"You don't happen to have one about you?"
Barron hesitated and fumbled, and at last produced from his breast-pocket the letter to Dawes, which he had again borrowed from its owner that morning. Meynell put it into a drawer of his writing-table without looking at it.
The two men moved toward the door.
"As to any appeal to you on behalf of a delicate and helpless lady—" said Meynell, betraying emotion for the first time—"that I suppose is useless. But when one remembers her deeds of kindness in this village, her quiet and irreproachable life amongst us all these years, one would have thought that any one bearing the Christian name would have come to me as the Rector of this village on one errand only—to consult how best to protect her from the spread of a cruel and preposterous story! You—I gather—propose to make use of it in the interests of your own Church party."
Barron straightened himself, resenting at once what seemed to him the intrusion of the pastoral note.
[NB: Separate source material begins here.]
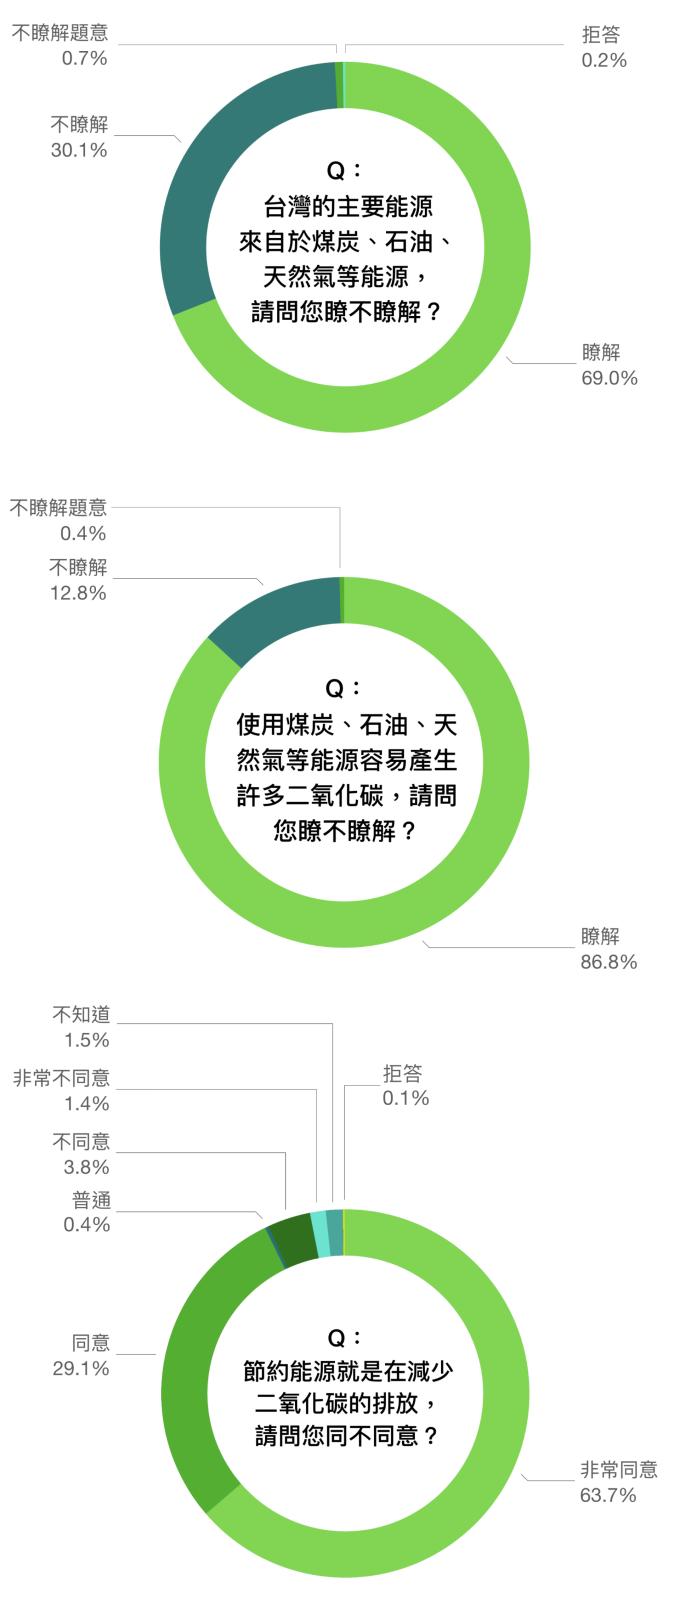 資料來源│邁向低碳社會的行為與制度轉型研究 圖說重製│林洵安

"I am heartily sorry for her"—he said coldly. "Naturally it is the women who suffer in these things. But of course you are right—though you put the matter from your own point of view—in assuming that I regard this as no ordinary scandal. I am not at liberty to treat it as such. The honour concerned—is the honour of the Church. To show the intimate connection of creed and life may be a painful—it is also an imperative duty!"
He threw back his head with a passion which, as Meynell clearly recognized, was not without its touch of dignity.
Meynell stepped back.
"We have talked enough, I think. You will of course take the course that seems to you best, and I shall take mine. I bid you good day."